Jarum baja memungkinkan metode akupunktur yang lebih efektif dan aman.
Makam Liu He terus memberikan wawasan baru tentang praktik medis kuno dan budaya Dinasti Han.
Para arkeolog di Provinsi Jiangxi, China Timur, telah menemukan jarum akupunktur baja tertua yang dibuat sekitar 2.000 tahun lalu di makam Kaisar Liu He dari Dinasti Han Barat. Penemuan ini sangat berharga karena menunjukkan kemajuan teknologi dan praktik medis pada masa itu.
Jarum yang ditemukan sangat tipis, dengan diameter hanya 0,3 sampai 0,5 milimeter, mirip dengan jarum akupunktur yang digunakan saat ini. Mereka ditemukan di dalam tabung giok yang bersarang dalam kotak lakuer berlapis emas, menunjukkan nilai dan pentingnya alat-alat ini.
Para peneliti mengidentifikasi jarum tersebut sebagai bagian dari 'Nine Needles' melalui label kayu berisi tulisan 'Nine Needles Complete' yang ditemukan di dekatnya. Ini menjadi bukti bahwa jarum tersebut memang digunakan untuk praktik akupunktur medis di masa lalu.
Teknologi pembuatan jarum ini menggunakan metode 'frying', yaitu menggabungkan besi cor dan besi tempa melalui pencairan sehingga menghasilkan baja yang kuat dan halus. Hal ini menunjukkan keahlian metalurgi tinggi yang sudah dimiliki oleh pengrajin Dinasti Han Barat.

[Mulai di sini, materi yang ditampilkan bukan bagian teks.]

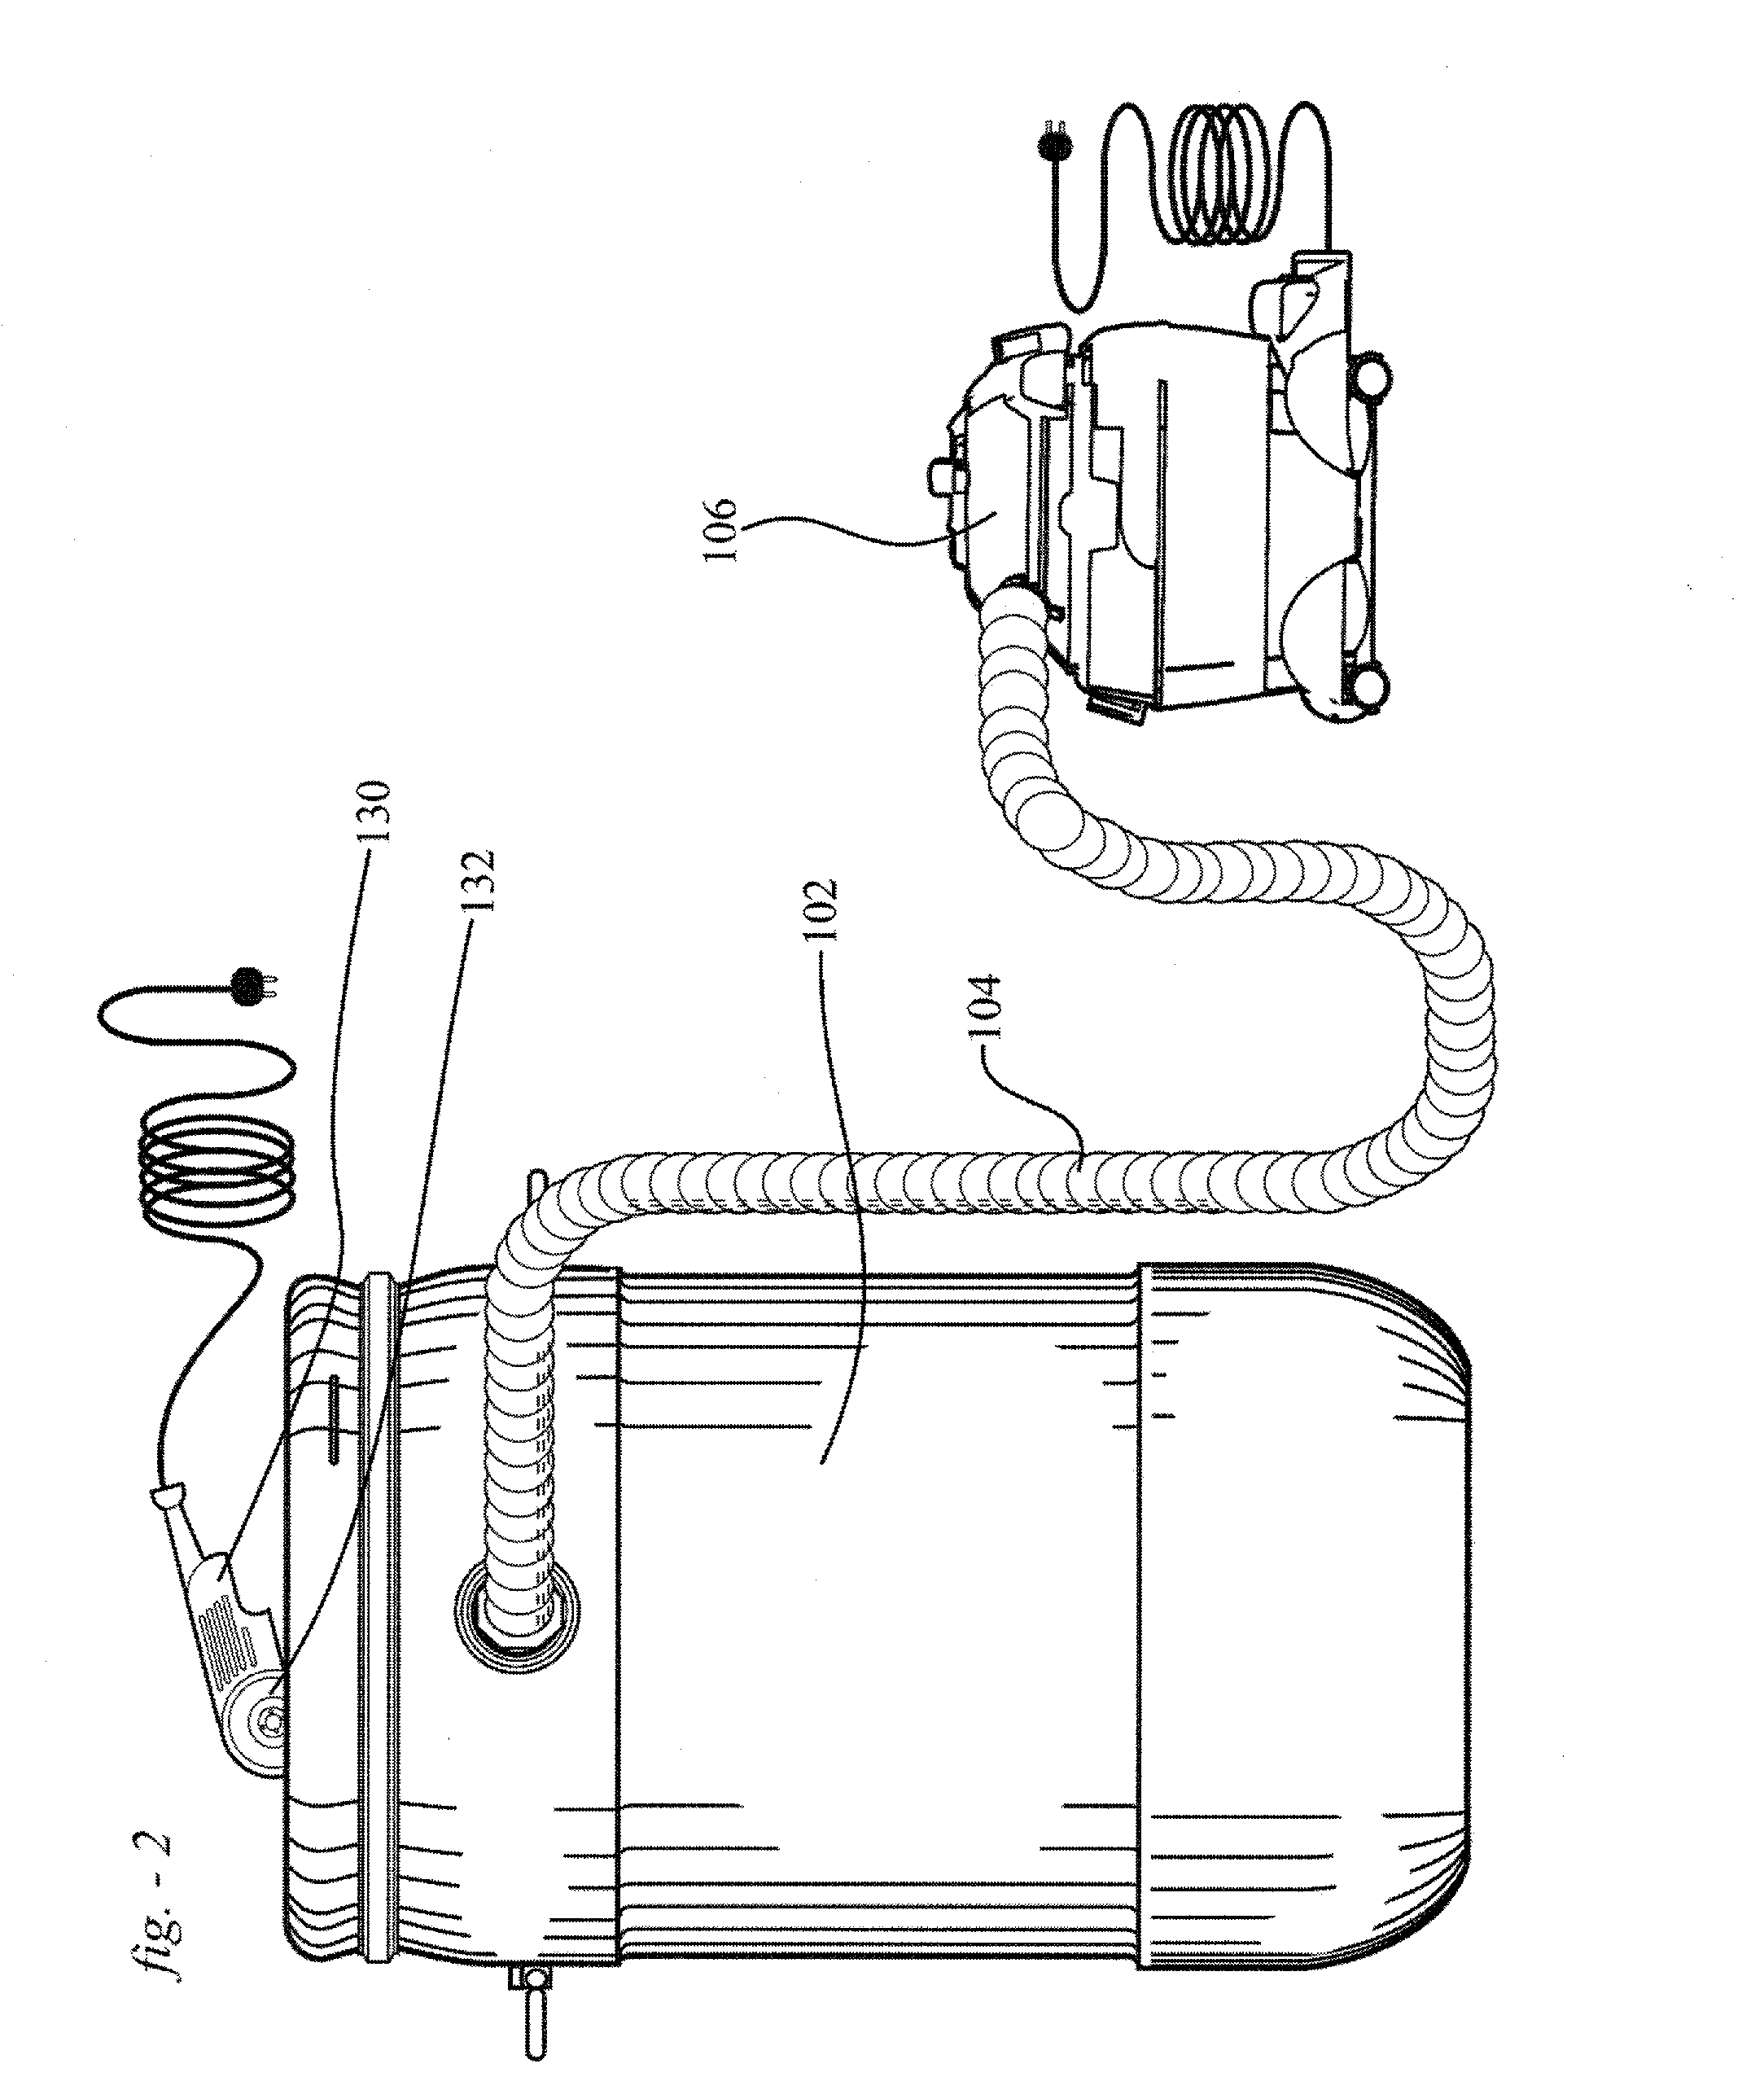 Tile cutting and dust collection system

Penemuan ini menambah pemahaman kita tentang sejarah pengobatan tradisional Tiongkok dan menunjukkan bahwa teknik akupunktur sudah berkembang secara signifikan sejak ribuan tahun lalu, memungkinkan metode pengobatan yang lebih canggih dan efektif.
Analisis Ahli
Wang Chuning
Penemuan ini secara definitif mengidentifikasi jarum sebagai salah satu dari 'Sembilan Jarum' yang dijelaskan dalam teks medis kuno, memperkuat data historis tentang penggunaan jarum akupunktur.